Searching Computer Code

A new specialized search capability from Google Labs is the Google Code Search, in beta. Unlike regular Web searching, the Code Search allows truncation with the asterisk (*) and regular expression searching, but it is only searching across identified programming code source like JavaScript and Perl. According to the announcement, it is designed to give "programmers a single place to search publicly accessible source code." It has some specialized field searches including file:, package:, language:, and license:.

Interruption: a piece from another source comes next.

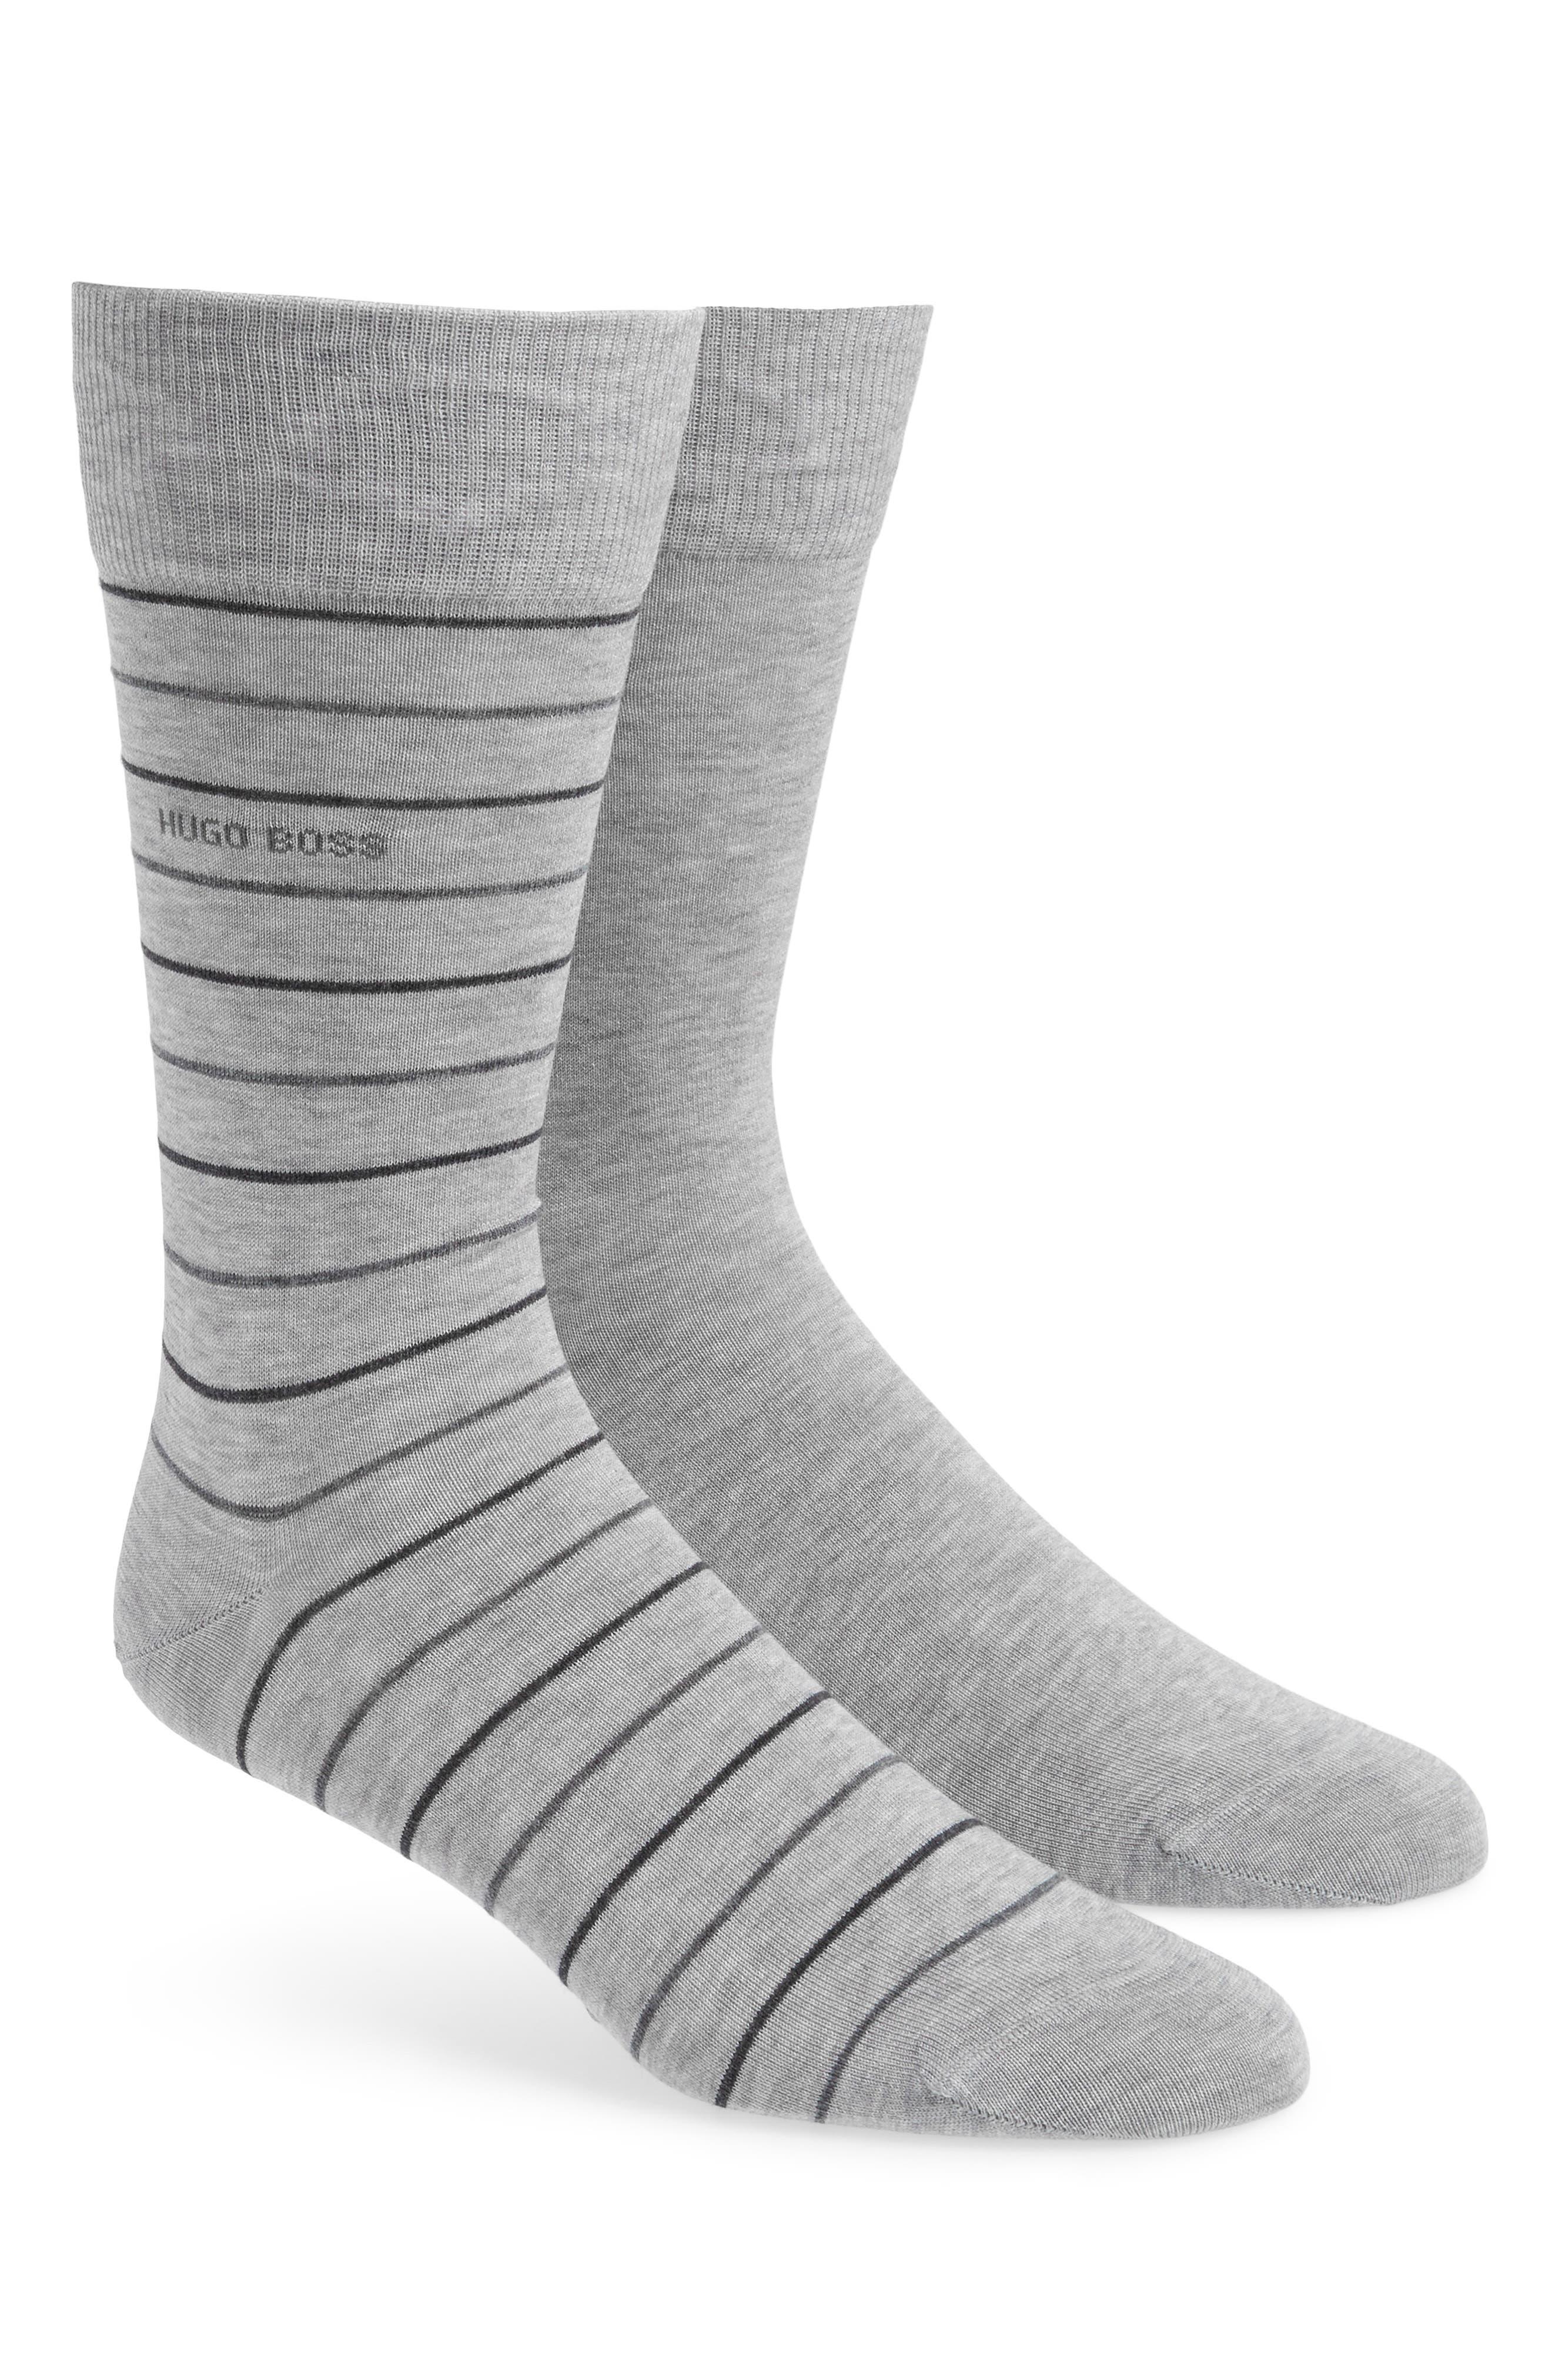 Assorted 2-Pack Socks,                             Main thumbnail 1, color,                             GREY

Dated Oct 5, 2006 in Google - [#permalink]

New Google Groups

The old Usenet groups and DejaNews search engine became Google Groups. Now Google is announcing the launch of yet another version of Groups. The beta has a new interface and several new features. New capabilities include the ability for group owners to create a welcome message, upload a group logo, and customize fonts and colors. The new Pages feature lets users create web pages inside a group as well. Overall, it seems to be moving Google Groups further away from its Usenet origins and more towards what Yahoo! Groups offers.

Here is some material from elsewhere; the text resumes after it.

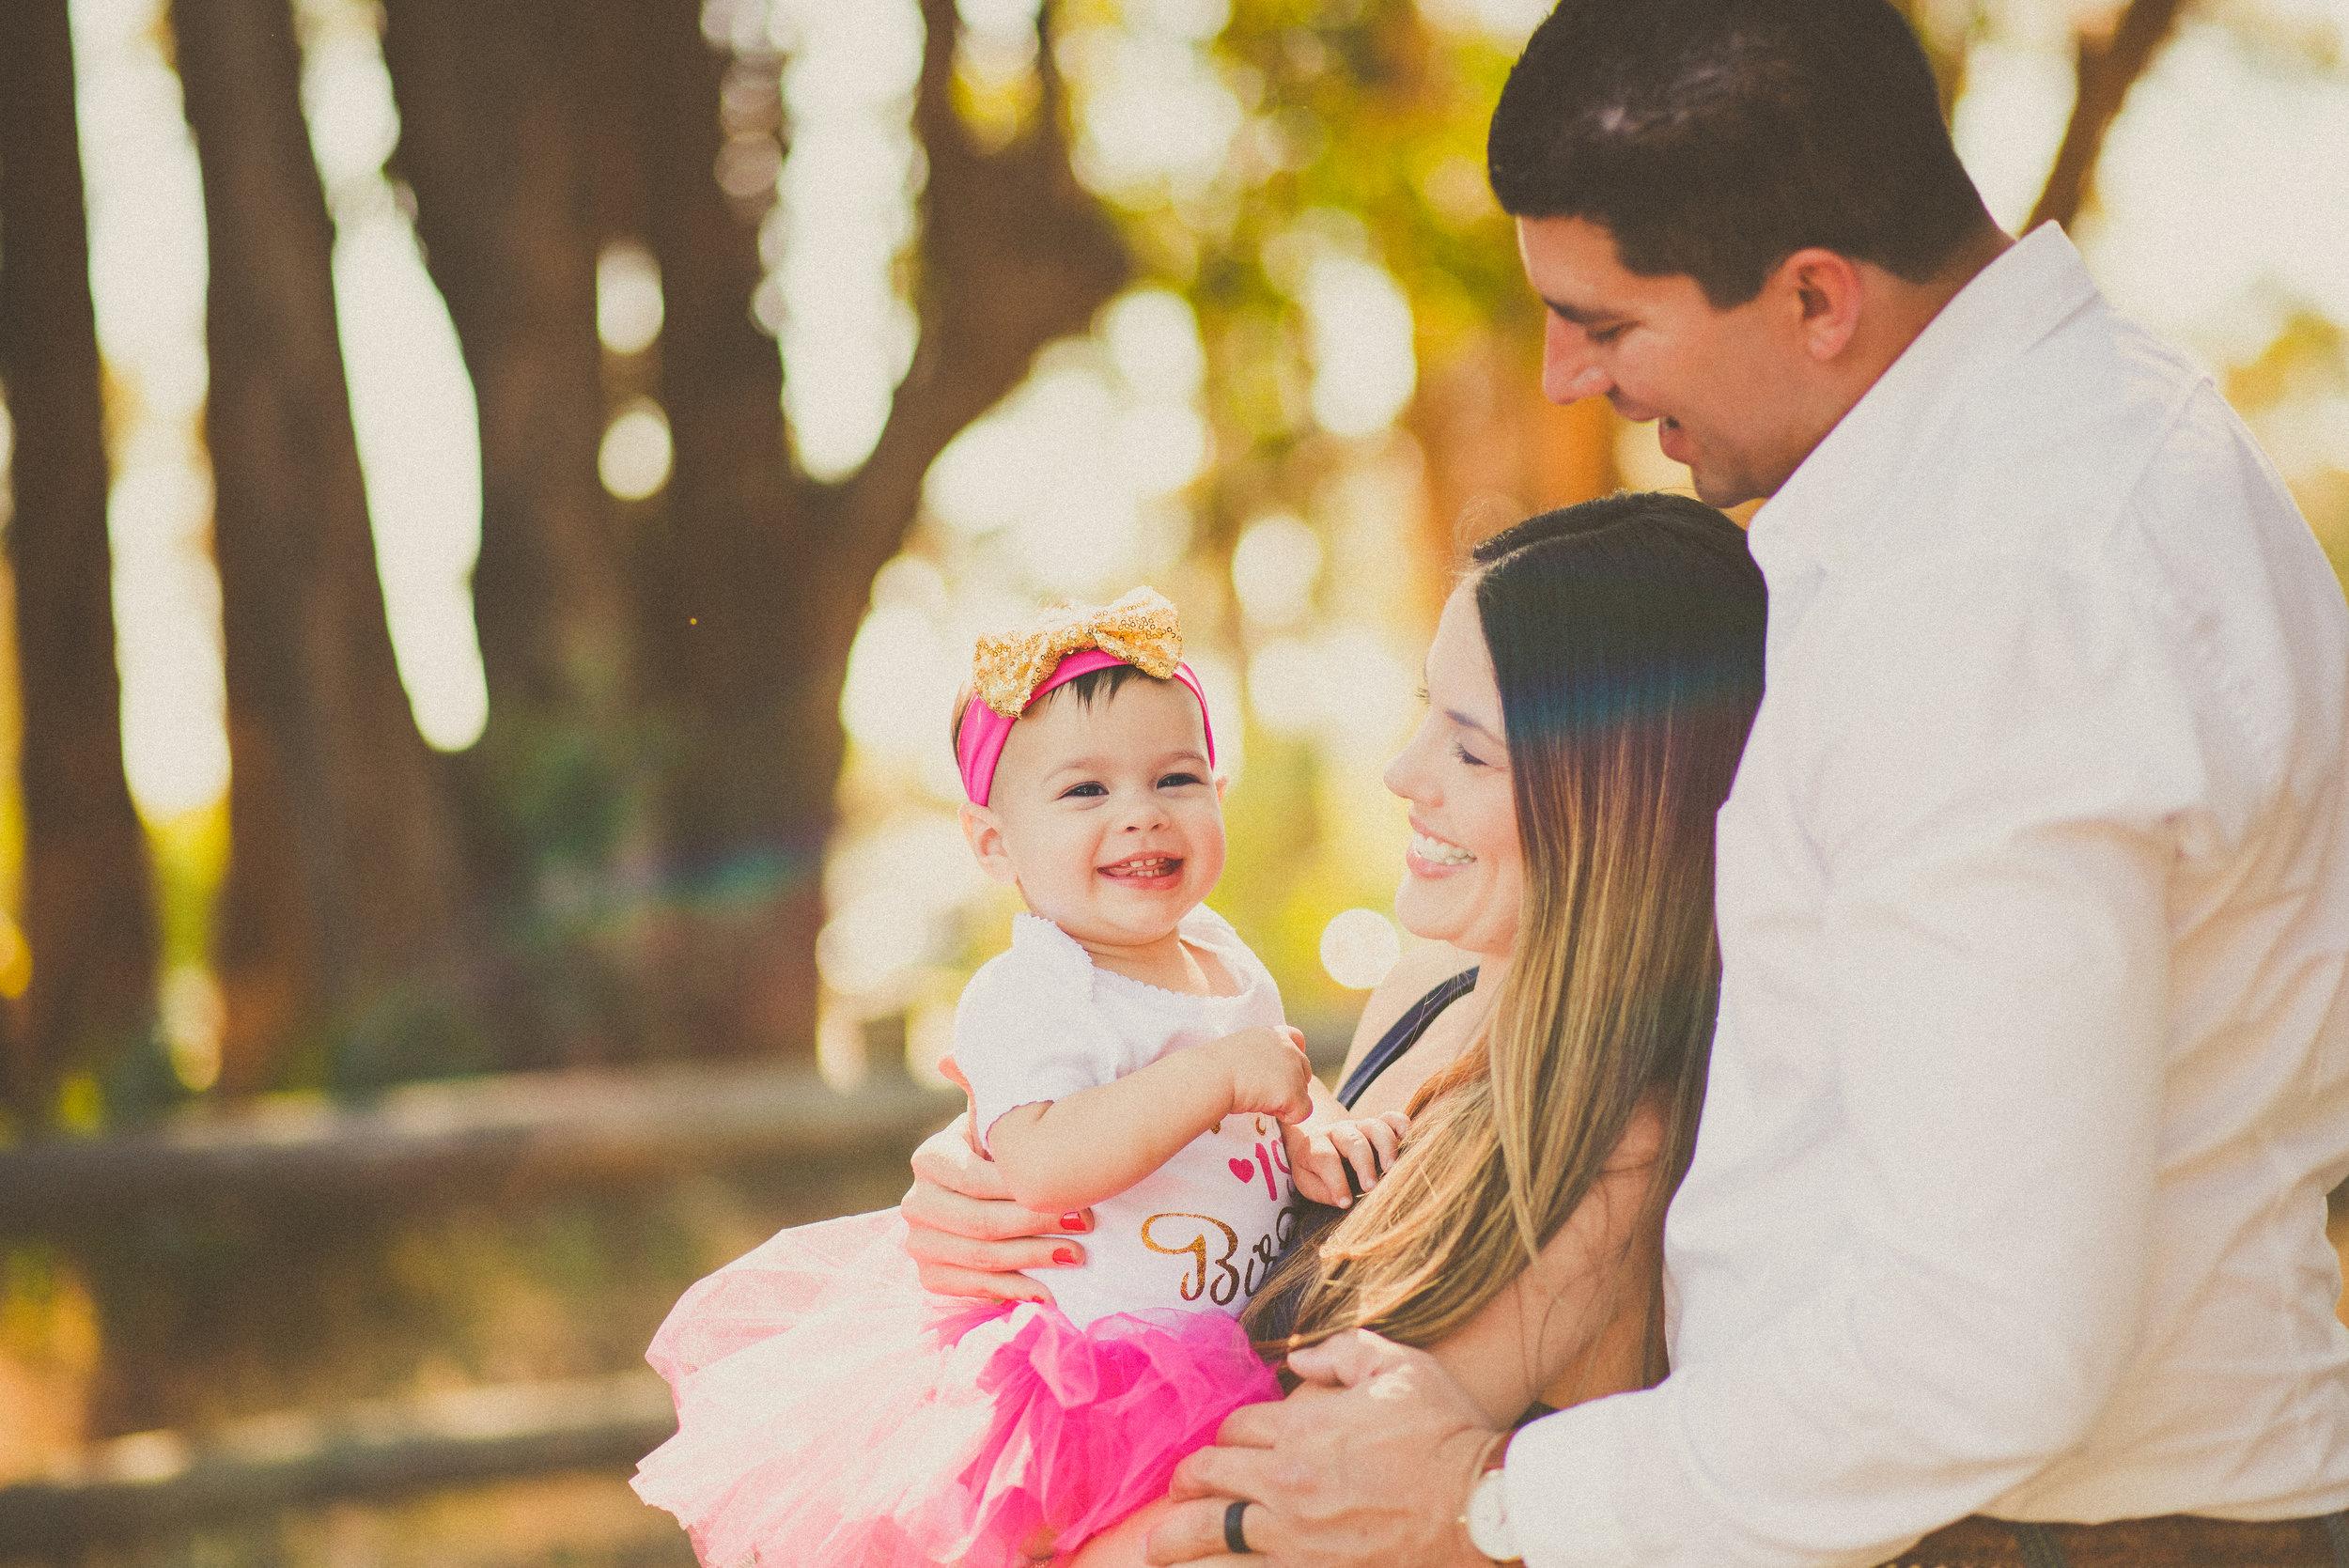 Holguin Family -- Reilynn's 1st Birthday-5.jpg

Dated Oct 4, 2006 in Google | Opinion Searching - [#permalink]

SearchMash, the New Google?

Google usually runs all kinds of experimental user interfaces, changes to ranking algorithms, and tests of every type on their own site, just letting a very small percentage of their users see the changes and then evaluating the response. Now, Google has actually launched its own experimental search engine a a completely different URL with no Google logo. SearchMash is the new site. SearchMash presents Web results with Image matches off to the right side. Results are numbered (something I always prefer) and can be sorted. Just click and drag one to change the order of the results (although I have no idea why you might want to do this). Another interface change is that at the end of the page, searchers can just click on the "more web pages" link to retrieve another ten results. Instead of being shown on a new page, they just appear below the first ten, on the same page. Overall, I find no compelling reason to use this, but it is a site to watch for future Google experiments.